When the researchers placed those flat structures into solution, one hydrogel layer began to swell, while the other kept its volume in check. Blocked on one side, the swelling layer expanded on the other, which pulled the whole structure into a three-dimensional shape, explains Lee. The researchers described the structures in the Dec. 15, 2005 Journal of Physical Chemistry B.
To make drug-delivery devices, the researchers put a thin square of polymer, which contains the drug, at the center of the hydrogel bilayer. When flat, “the bilayer is like a cross, and the drug is in the middle [square],” says Lee. The drug-carrying polymer also contains an adhesive so that the hydrogel structures will stick to the mucus covering the intestinal tissue.
The researchers plan to place several of the structures inside a capsule that would dissolve in the small intestine. The adhesive would ensure that, once they are released from the capsule, the structures land right-side-down on the mucus. The two-dimensional structure would then fold into a three-dimensional device that Lee likens to a closed fist, with the drug on the palm. After the device grabs onto a bit of the small intestine, the drug would diffuse into the tissue.
In the Jan. 10 Journal of Controlled Release, Lee’s group reported on initial tests of one of the drug-delivery devices on tissue removed from a pig’s small intestine. Within a few minutes, the devices landed and then grabbed the tissue. The devices remained in place for 103 minutes, about 30 minutes longer than a flat, mucus-adhering drug patch did.

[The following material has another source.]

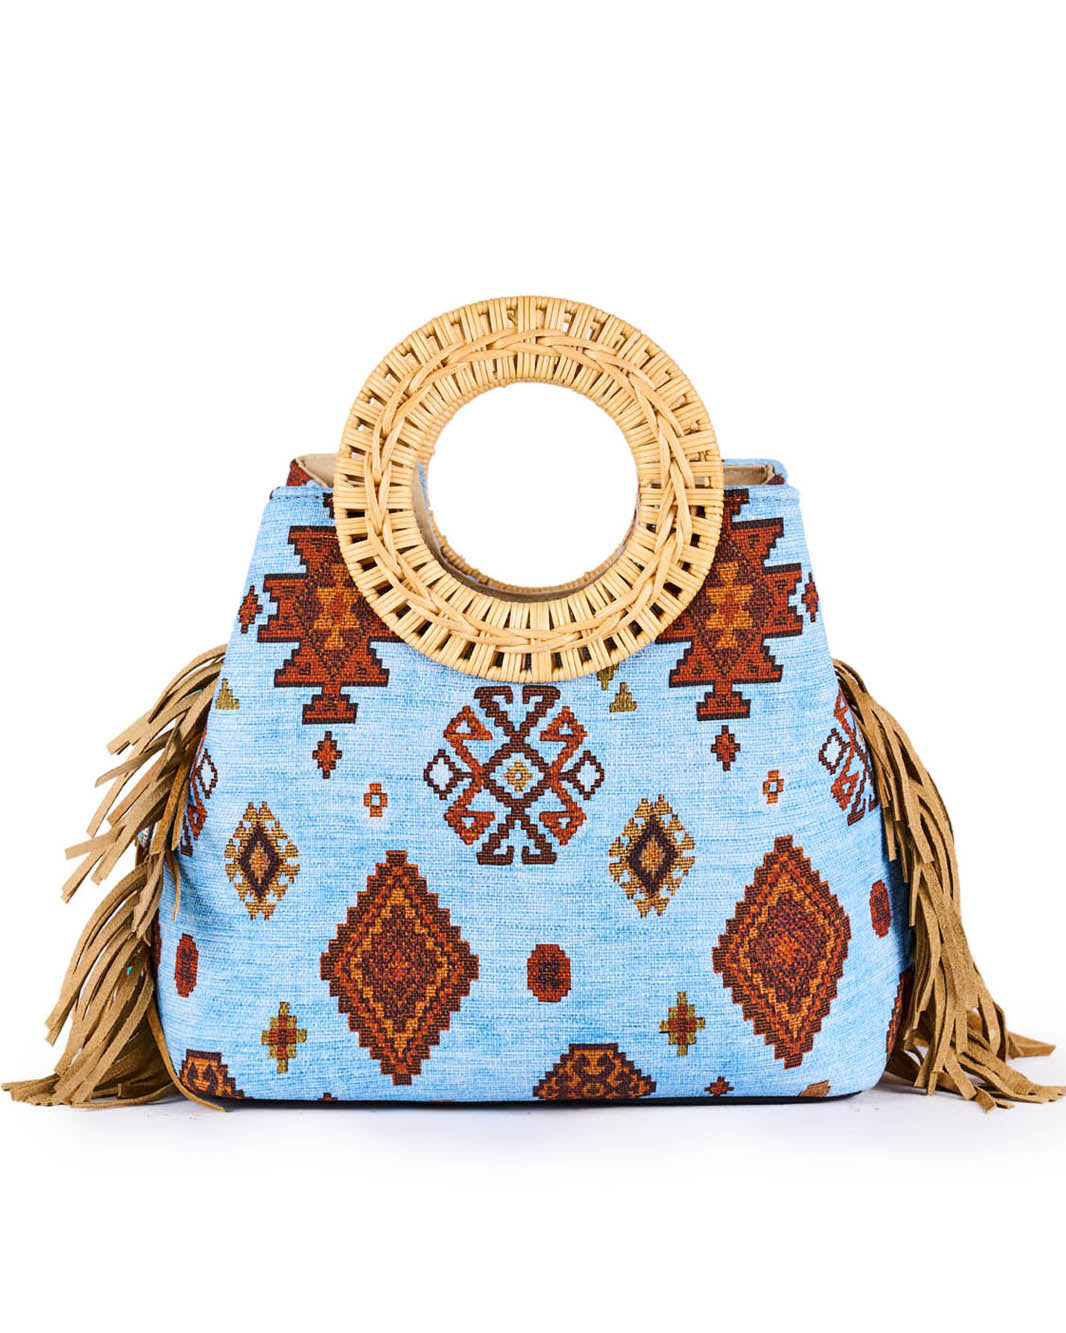 Blue Aztec print handbag with round bamboo handle and tan fringe

With the additional time, more of the drug would be absorbed, says Lee. He adds that the team’s next step is to test the self-folding devices, with drug or gene cargoes, in animals.
Fixing folds
If self-assembly techniques, including self-folding, are to make a commercial impact, researchers will have to figure out a rigorous system of quality control. Some researchers suggest that in the future, computer chips might self-assemble. Whitesides cautions that when producing such complex devices, “you really can’t have any missing pieces.”
When Gracias makes his chemistry-experiment containers, for example, only 60 to 90 percent of them fold correctly. In his laboratory, a researcher uses a pipette to pick out the properly folded structures. Large-scale production of the containers would require a more efficient way to pull out the good ones. Without such a procedure “we’d have to figure out how to repair the bad ones,” says Gracias.
Whitesides says that as researchers learn more, it might become possible to create new kinds of electronics and displays as well as to begin to uncover nature’s assembly techniques. Although the strategy is ubiquitous in nature, for scientists, he says, “self-assembly is just at the beginning.”